For the records below, copy exactly the span that begins at the line containing "セブ島ウエディング装飾 ビーチ挙式装飾 ビーチ結婚式" and stops after the line containing "CZ Women 3D", minus any pictures.
== Working data ==
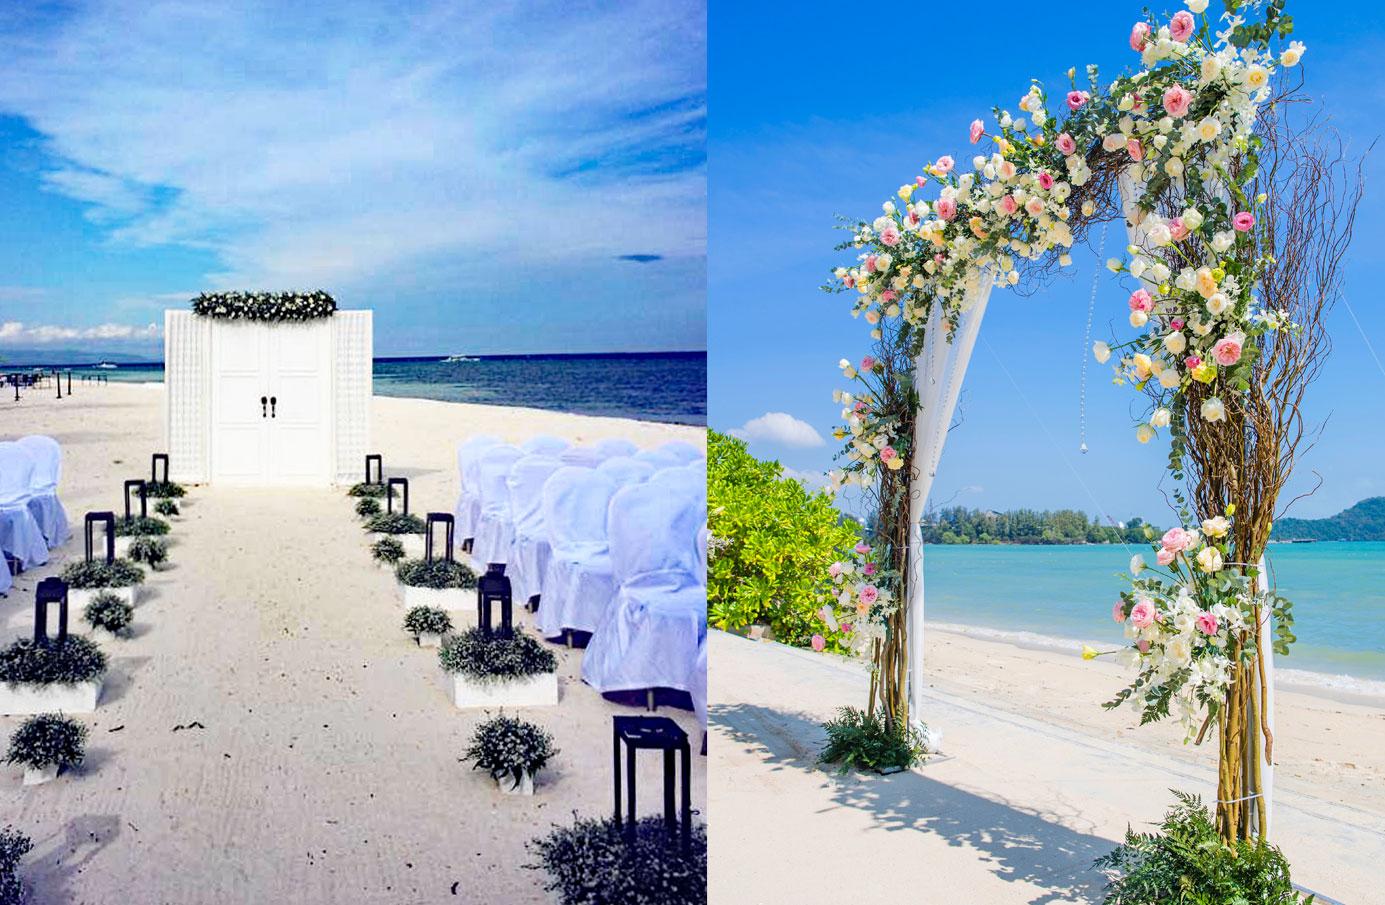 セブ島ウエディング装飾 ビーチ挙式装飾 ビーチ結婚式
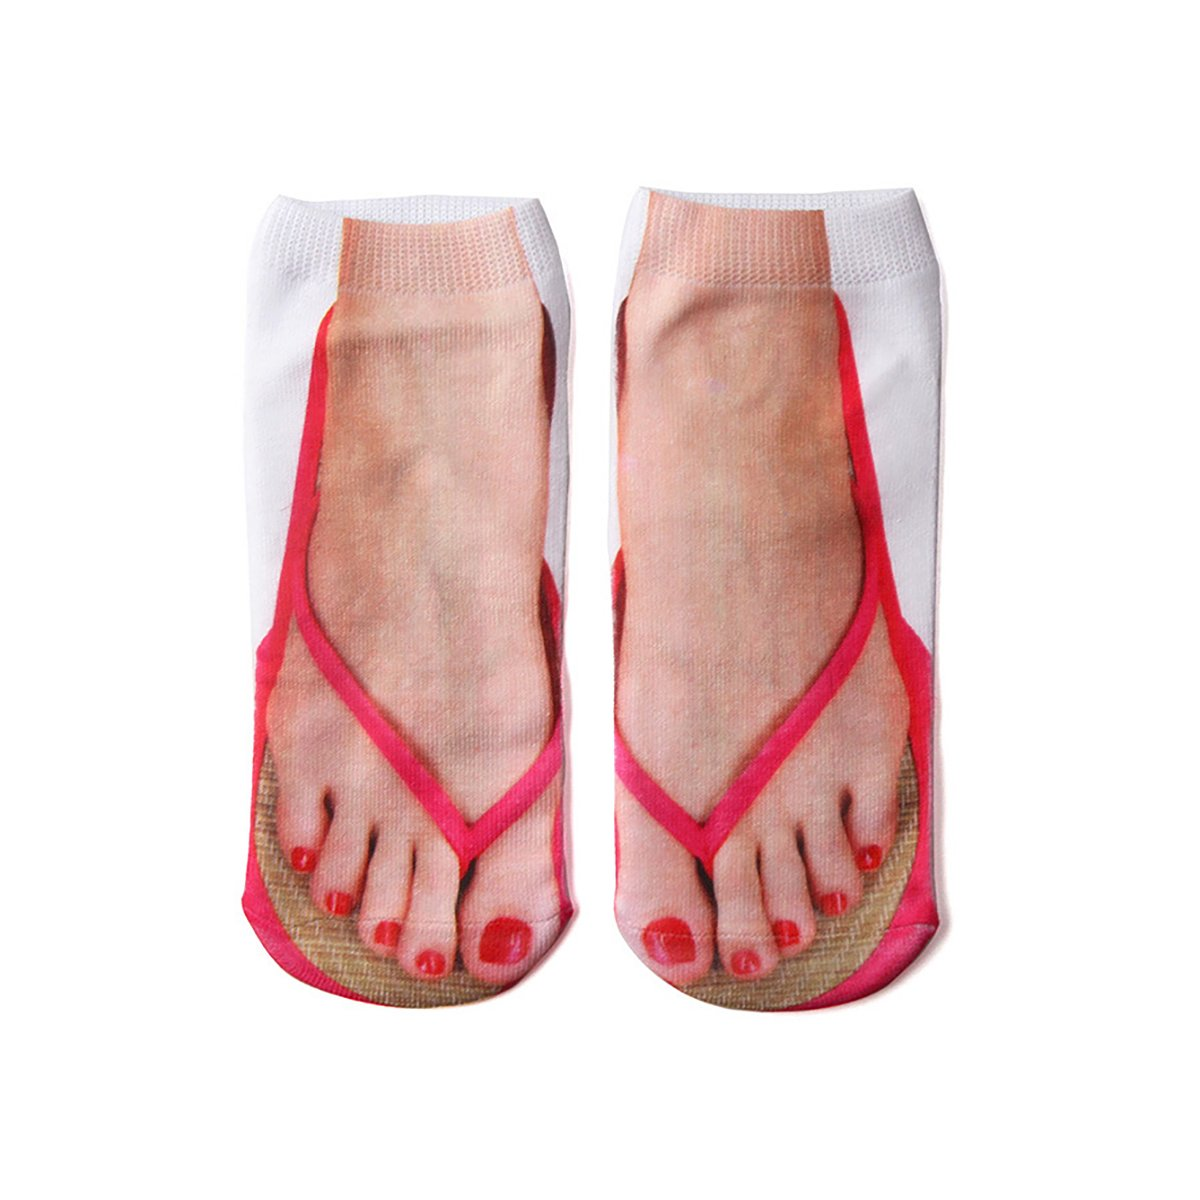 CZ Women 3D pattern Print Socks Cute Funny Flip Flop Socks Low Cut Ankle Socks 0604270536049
===
== Working data ==
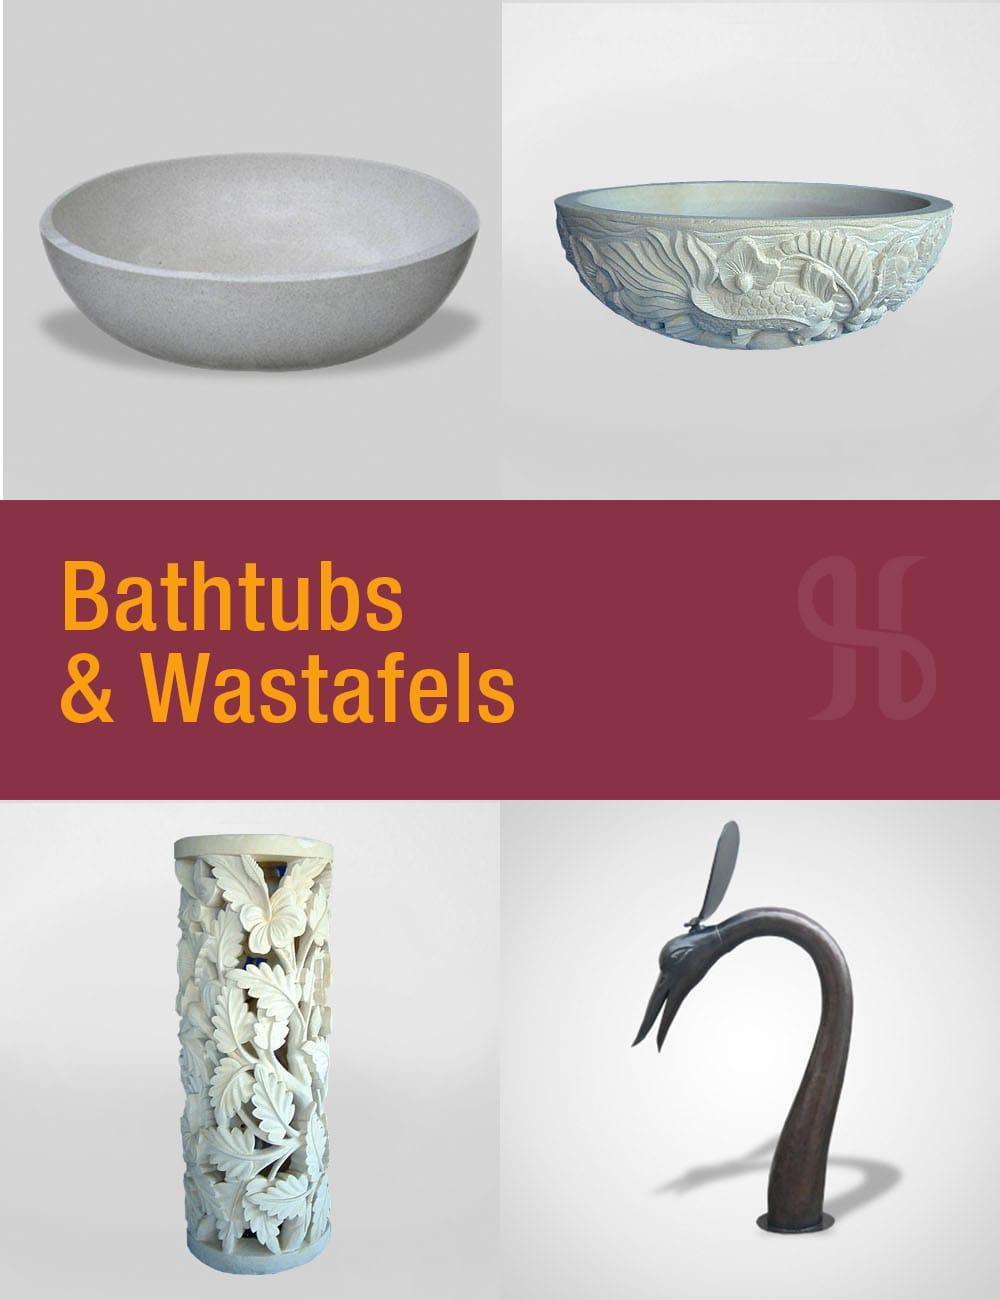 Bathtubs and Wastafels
===
*Answer for the task*
 セブ島ウエディング装飾 ビーチ挙式装飾 ビーチ結婚式
 CZ Women 3D pattern Print Socks Cute Funny Flip Flop Socks Low Cut Ankle Socks 0604270536049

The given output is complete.